Mergers, acquisitions, and a spate of new competitors are battling to offer customers a full range of services

By Mary E. Thyfault

Related links:
  • sidebar: Telecom Companies Plan For Future
  • Three years after Congress passed the Telecommunications Act of 1996, the telecom industry is transforming itself into a competitive culture. A wave of acquisitions and mergers has swept the industry as new competitors enter the market and established companies bulk up and fill holes in their product lines in order to provide customers with a full range of communications services.

    "We've seen a complete explosion of the old model that the telecom industry set up over the last 100 years," says John Sidgemore, vice chairman of MCI WorldCom. "Today, the older carriers are scrambling because the new entrants are moving very, very quickly."

    In the past year alone, AT&T spent tens of billions of dollars to buy cable-TV companies; a relatively unknown carrier called WorldCom bought MCI Communications, which had been negotiating to merge with Britain's BT; large Bell and non-Bell local phone companies are merging; and new competitive carriers are laying tens of thousands of miles of fiber-optic cables throughout the world in order to break into the telecom services market.

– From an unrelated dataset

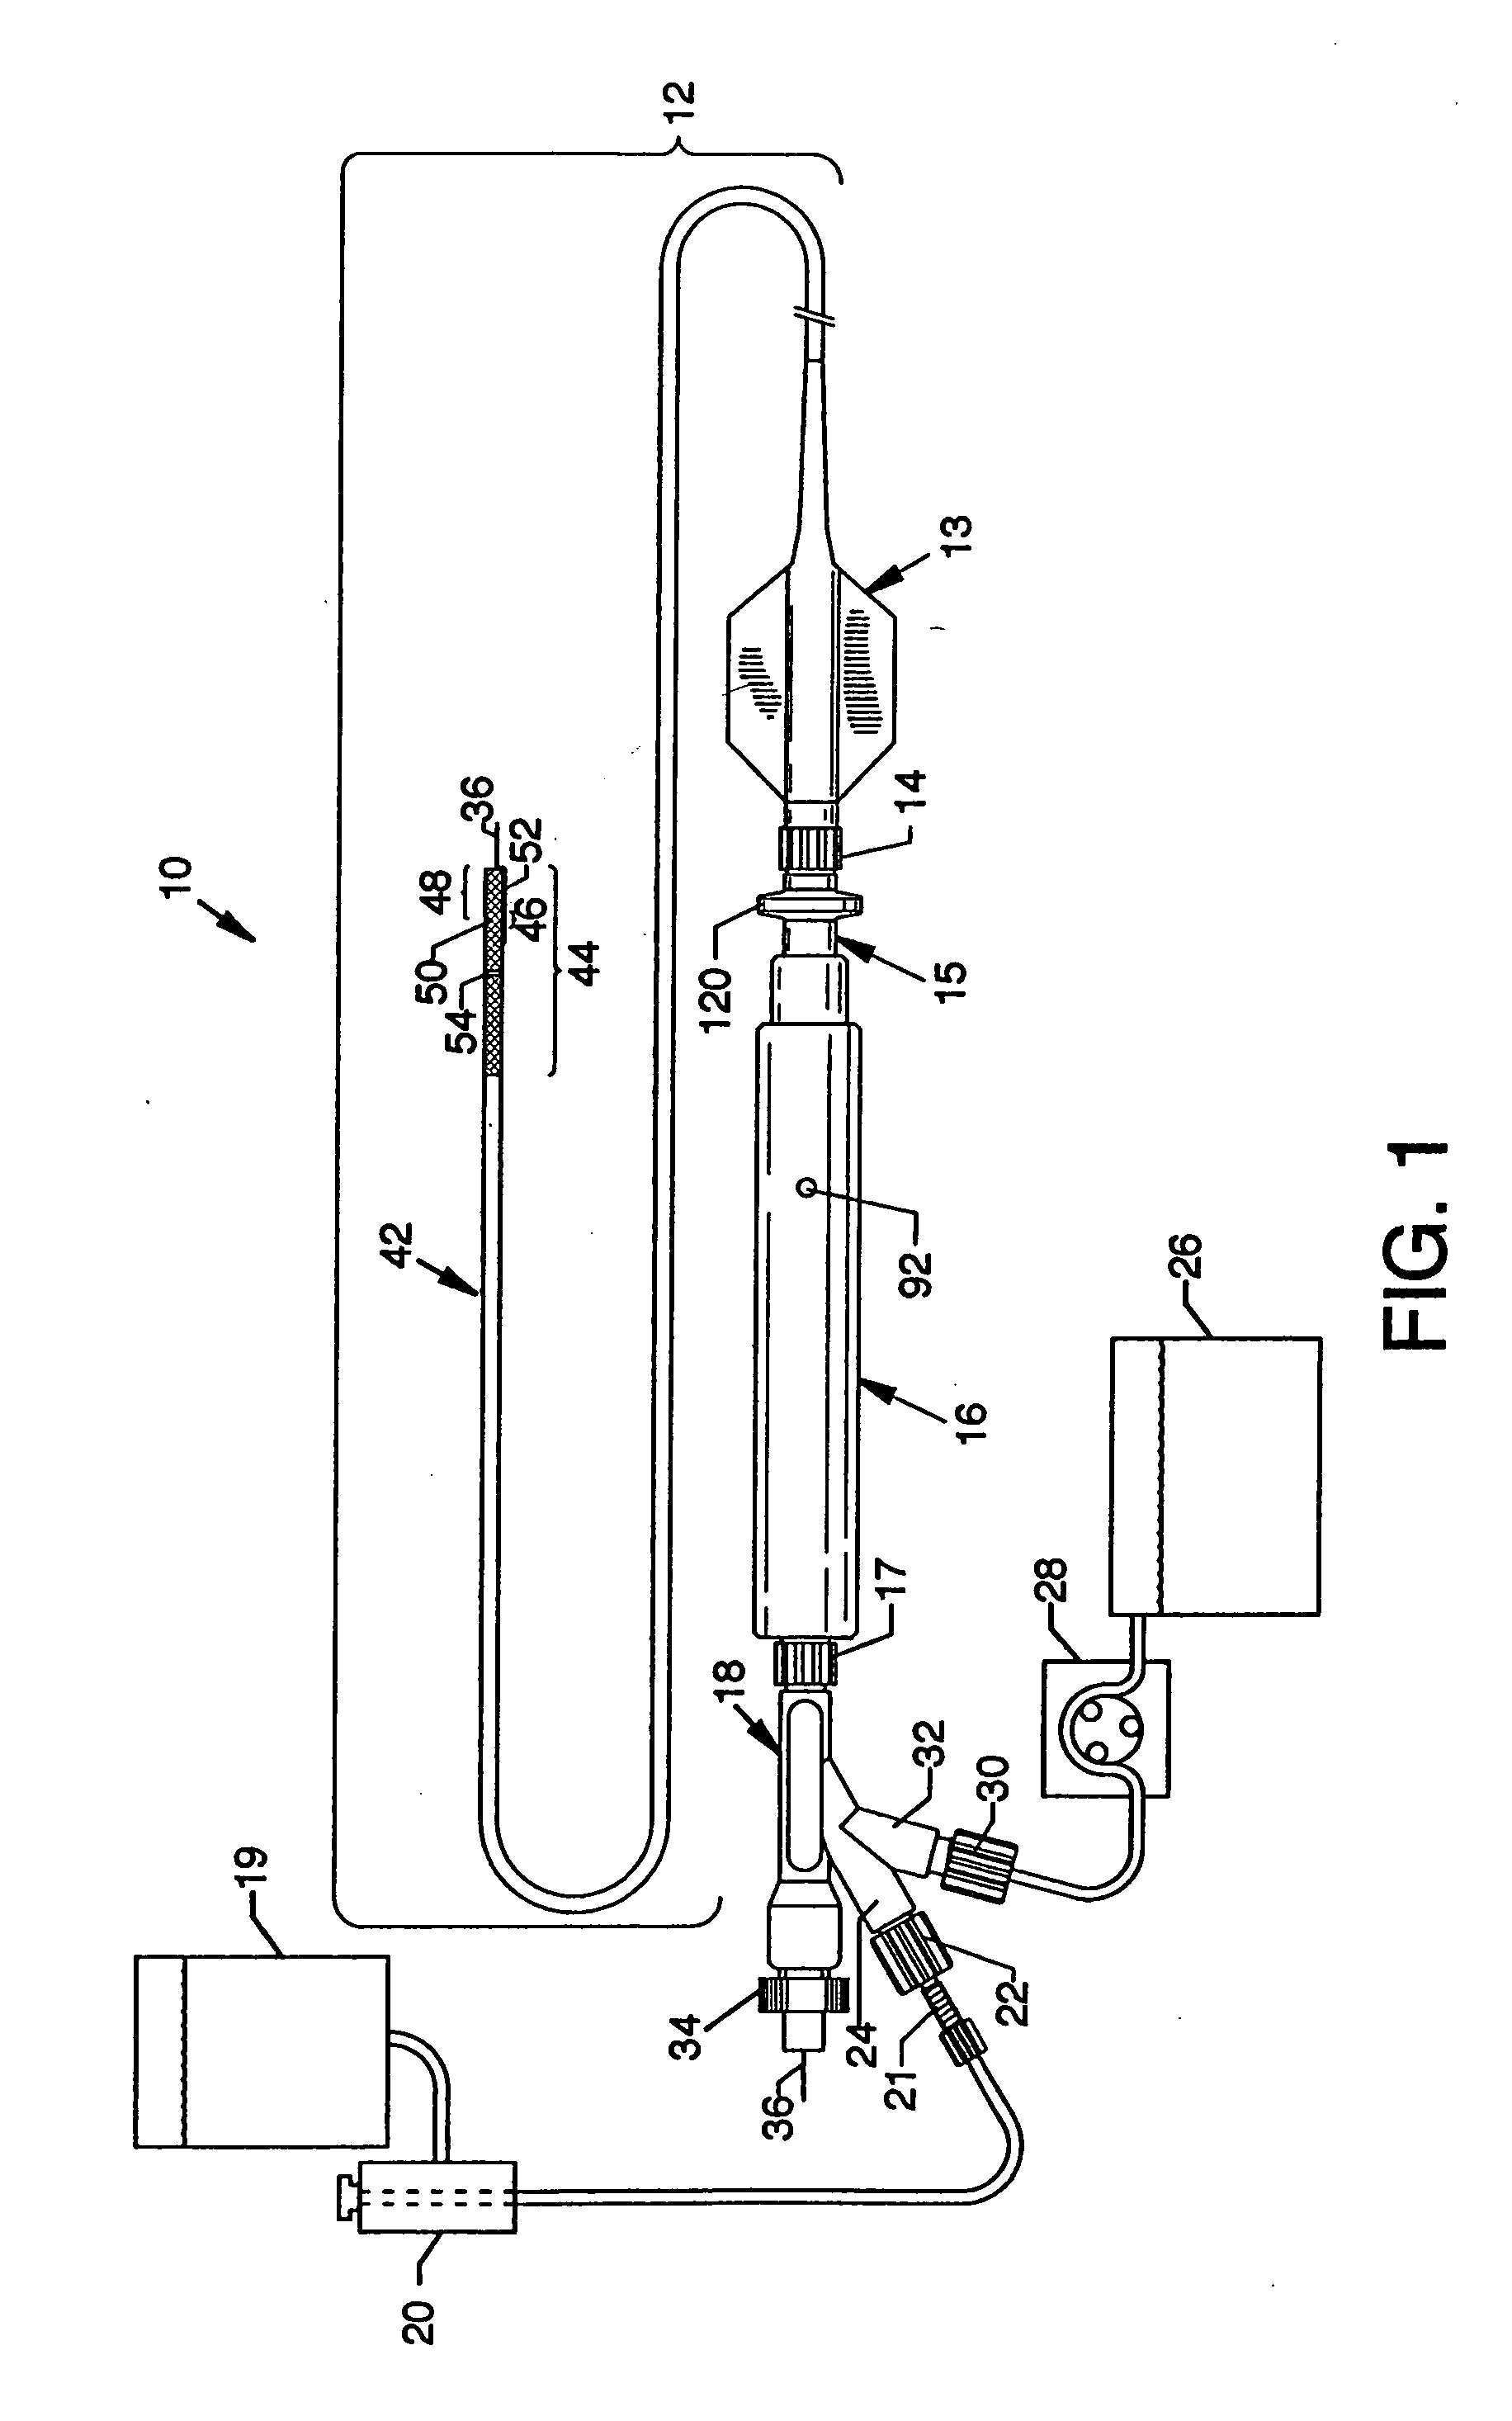 Atherectomy system having a variably exposed cutter

    For business customers, the new competition is producing lower prices, a greater variety of service packages, better service-level agreements, and improved customer service. The pricing changes alone can be dramatic: Qwest Communications International Inc., for example, offers a T1 line (1.54 Mbps) for $1,595 per month, while AT&T charges $2,690 for the same line. For a T3 line (45 Mbps), Qwest charges $3,190; the AT&T service is priced at $12,650.

    That kind of competition is forcing established carriers to adapt to a new environment, and no carrier is working harder to transform itself than AT&T, the nation's oldest and largest carrier. "We've been focused on extending our network to the last mile," says Dale McHenry, director of strategy for AT&T Business Network Services. "We realized we have got to own our own network, and we went out and got it."

    Buying Surge
    AT&T just acquired cable giant Tele-Communications Inc. for $55 billion and is in the process of buying MediaOne Cable for $58 billion. It plans to use the cable systems to provide a link into homes and businesses to offer high-speed Internet access and local voice service, along with the long-distance and wireless services it offers.

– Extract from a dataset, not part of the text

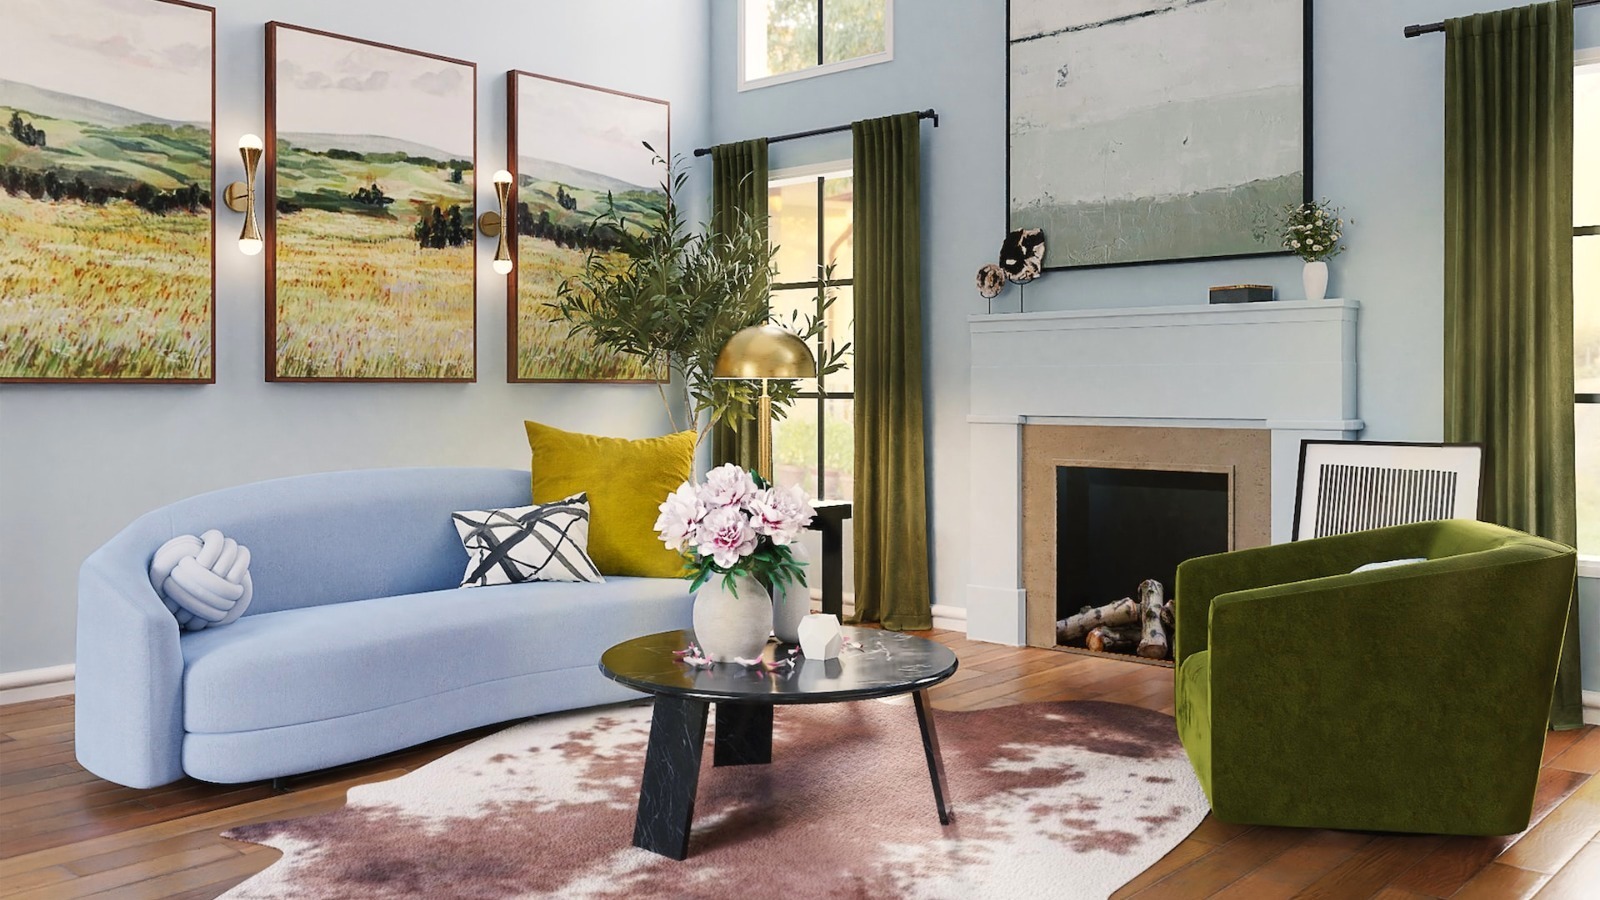 What Is An Analogous Color Scheme And How To Use It In Your Home ...

    Overseas, AT&T is entering into a $10 billion joint venture with BT to create a joint network service organization that will provide customers with comprehensive global network services. AT&T's former international venture, WorldPartners, provided seamless global service, says Jim Haney, director of global network services for Whirlpool Corp. in Benton Harbor, Mich.

    But Haney expects the new AT&T-BT venture to provide even better response times and higher-quality service. "Our cycle time [for new services] will improve because with their own network, they will have much more direct control of their delivery of services," says Haney.

    Overall, AT&T is "being more responsive to their customers," says Jim Russell, information officer for Xerox Corp.'s Stamford, Conn., headquarters, which inked a $100 million contract with AT&T for a wide range of services. Instead of the traditional service-by-service volume commitments, AT&T and Xerox agreed to broad revenue commitments, giving Xerox the flexibility to migrate its network from one technology to another or from one bundle of services to others.

    The Network Route
    Carriers such MCI and WorldCom were among the first to realize that owning a network was the way to go. The industry was shocked last year when WorldCom came out of nowhere to make a bid for MCI, but the combined company is now able to offer services that neither could offer alone.